Nearly a decade on, Carney was half right. There is no republic, although Bill Shorten has pledged a referendum within a first term should Labor win government, even if a couple of flashy foreign royals has apparently already put paid to hope of it passing.

But what has changed markedly is the subject of debate around Australia Day. Now the talk is far more consequential, urgent and pointed.

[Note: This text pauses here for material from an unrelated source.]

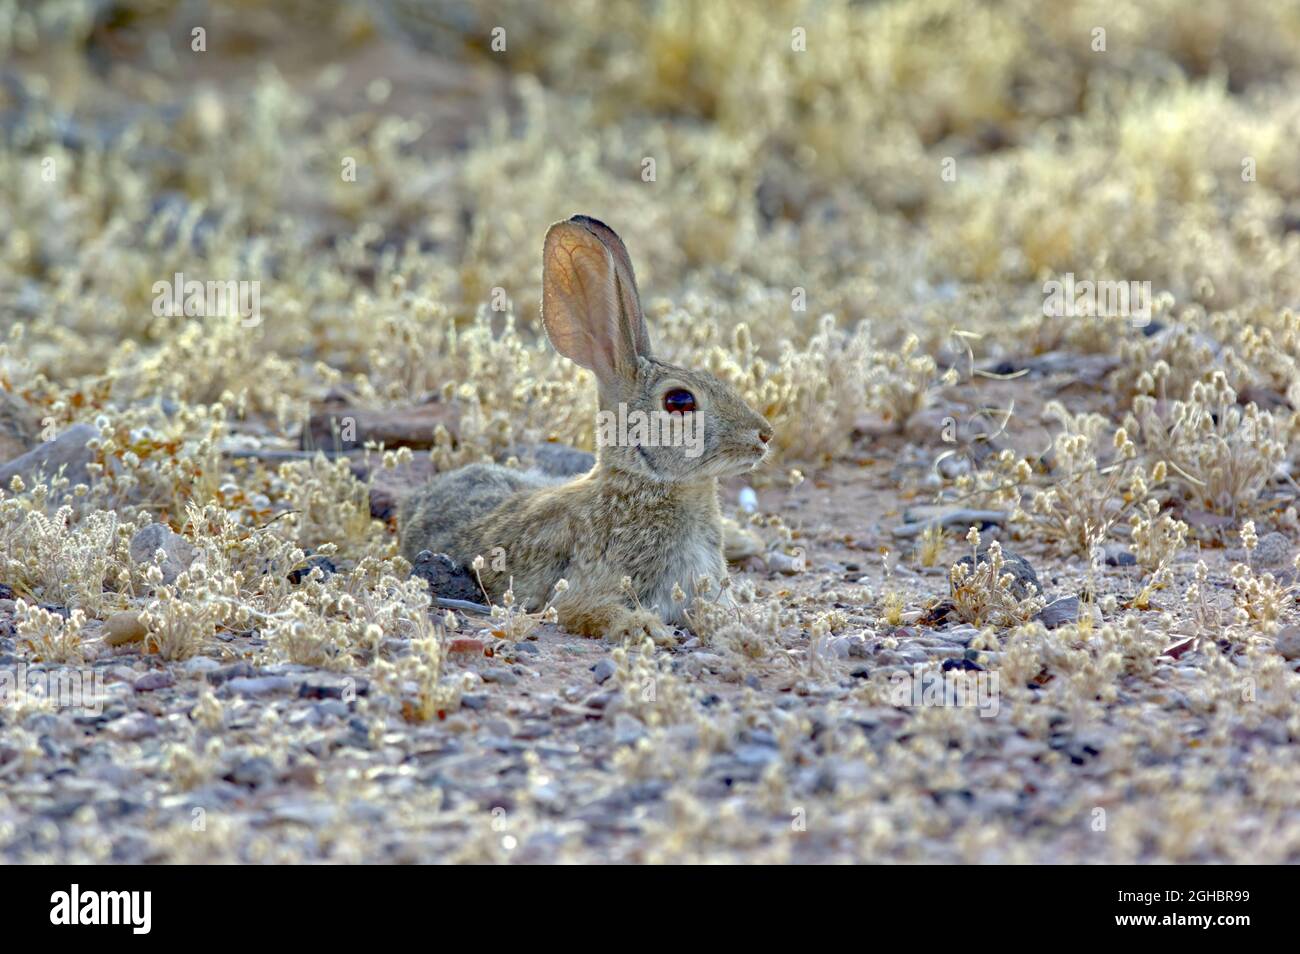 Ein Desert Cottontail Rabbit, der in Arizona beheimatet ist und sich inmitten der Vegetation entspannt. Wissenschaftlicher Name ist Leporidae Sylvilagus. Stockfoto

It should have always been obvious that designating a date that British settlers arrived in the country as a national day of celebration would be offensive to indigenous Australians. Britain, in a sense, already had its war against the first people of Australia. Maybe, in those languid summer months decades later, the problem of the date was lost on the rest of the country. But the longstanding opposition to “Invasion Day” certainly has prominence now, and was given heartfelt expression this month by reporter and Gamilaroi woman Brooke Boney on morning television:

 


In recent years, some local councils have decided to cancel citizenship ceremonies usually held on the Australia Day, which in turn sparked a backlash – supported by Prime Minister Scott Morrison – to force support for the date. Yet despite this government effort to “back a winner”, to borrow a phrase from economics, the commercial reality seems pretty clear. Australia Day cannot be marketed into a day of national unity. (And in a related fashion, a chiko roll themed poke at a proposed Captain James Cook re-enactment is the best of a larrikin national spirit.)

An unexpected contribution to this debate arrived this week with Jeff Kennett, a prominent Liberal in Victoria and former state premier, chiming in with a call to change the date in a thoughtful column in the Melbourne Herald-Sun.

Kennett put the issue into an international context. He surveyed the national day of other countries, to see why they celebrate. Americans on 4 July celebrate the anniversary of independence from Britain, rather than the arrival of the first Europeans. Germans celebrate 3 October, for the 1990 unification of the long divided east and west. Indonesians mark the anniversary of the nation’s foundation on 17 August, and he listed other examples besides.

The point, as Kennett put it:

Is that January 26 was not the foundation of Australia. It already existed. Nor does the date celebrate our independence. It simply marks the arrival of explorers and invaders from distant lands.

The cost to indigenous Australians from European settlement was severe, in lives and lands disposed. And the cost is lasting. A national apology for past wrongs and campaigns for recognition in the constitution can be debated, but ultimately, the indigenous community still carries the burden. Reconciliation, however defined, remains unfinished business for Australia.

This should never be allowed to be treated as another “hardy annual”, a challenge discussed around the day each year parliament reports on efforts to “close the gap”, and instead judged as a relentless priority against the much-vaunted concept of a fair go. This can start by government and citizens alike meaningfully engaging with the 2017 Uluru statement from the heart.

The two issues that have defined the annual Australia Day debate are distinct, but both hearken back to a struggle with identity, for a young country in a formal fashion and an ancient continent. Australians project a sense of ease and comfort within ourselves, but the tension in both these conversations is evident. The question is whether as a people Australians can confront this tension directly, away from a summer ritual, and see it resolved.

Uluru at sunset, central Australia (Photo: Tchami/Flickr)


But Kennett, too, was only half right. On the symbolism of a national day, he suggested Australia Day be celebrated on 1 January, the anniversary of the federation, when Australia’s colonies joined into a commonwealth in 1901.

Better that a modern Australia celebrates a modern occasion. There is no need to reach back to history to find an excuse for a national party. Australia should make history. It’s time for another republic debate, to show the social riches that will come from a declaration of independent confidence, and then the date of a successful referendum can become the anniversary to celebrate.

India already has 26 January as its own Republic Day. Let’s, as Australians, band together and find our own.